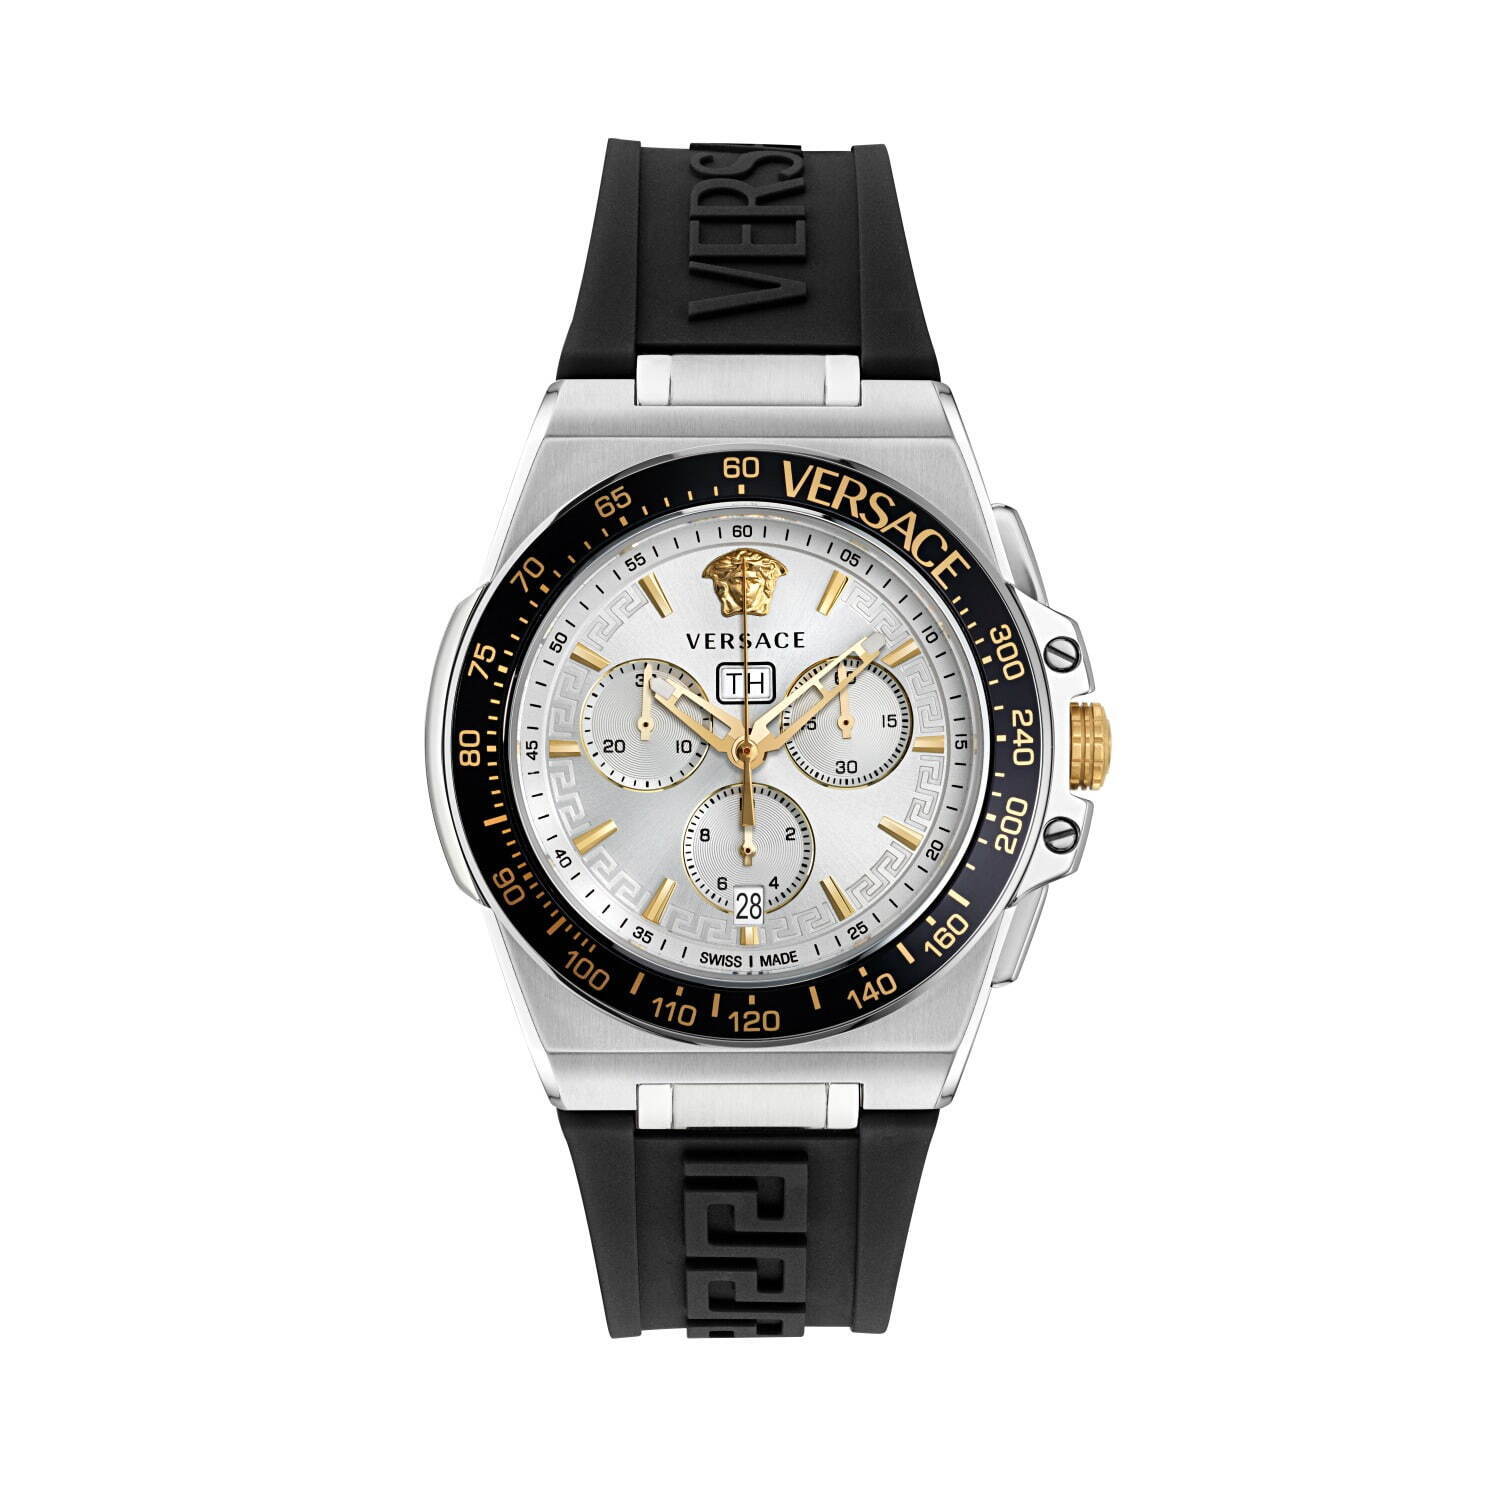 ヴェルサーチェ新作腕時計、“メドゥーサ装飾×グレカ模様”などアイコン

--

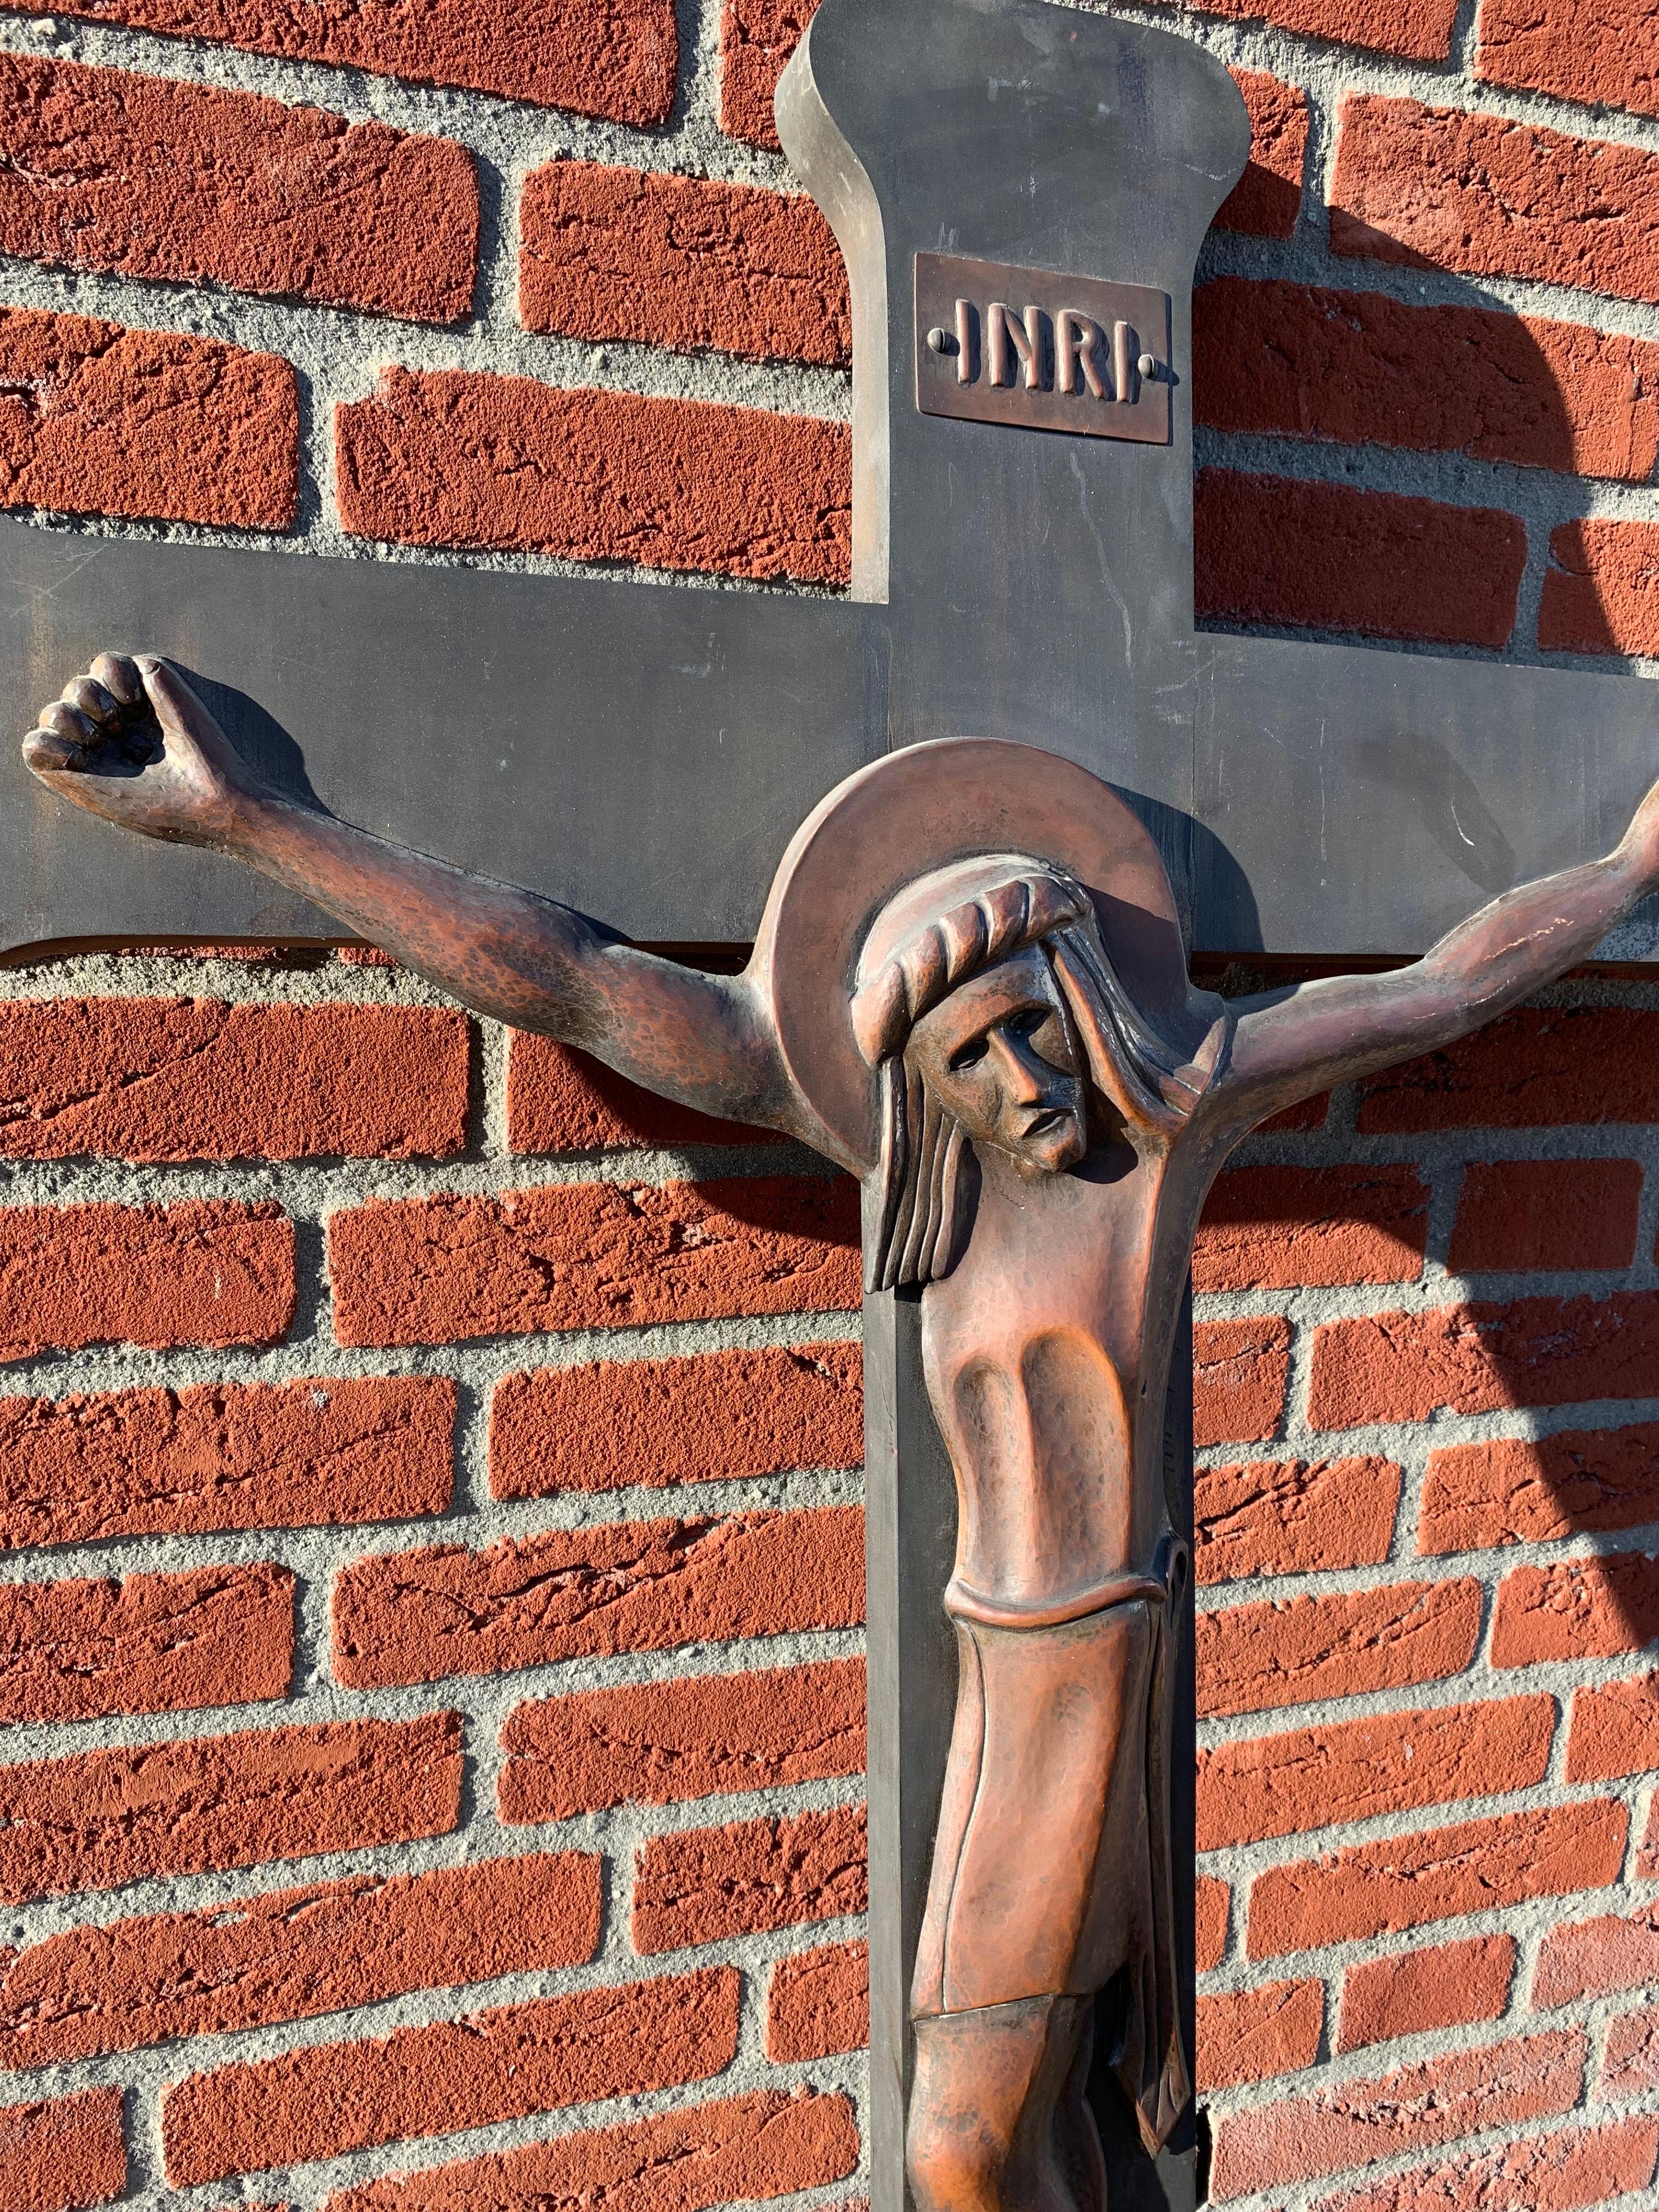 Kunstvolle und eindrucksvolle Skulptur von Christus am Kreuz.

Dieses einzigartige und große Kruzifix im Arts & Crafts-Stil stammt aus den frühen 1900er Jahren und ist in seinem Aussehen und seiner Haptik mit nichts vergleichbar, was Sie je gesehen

==

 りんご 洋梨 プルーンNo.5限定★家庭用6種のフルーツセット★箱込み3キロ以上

» What the exercise asks
Copy only what runs above from the line containing "Kunstvolle und eindrucksvolle" through the line containing "Dieses einzigartige und", exactly. Leave out the pictures.

» Answer box
 Kunstvolle und eindrucksvolle Skulptur von Christus am Kreuz.

Dieses einzigartige und große Kruzifix im Arts & Crafts-Stil stammt aus den frühen 1900er Jahren und ist in seinem Aussehen und seiner Haptik mit nichts vergleichbar, was Sie je gesehen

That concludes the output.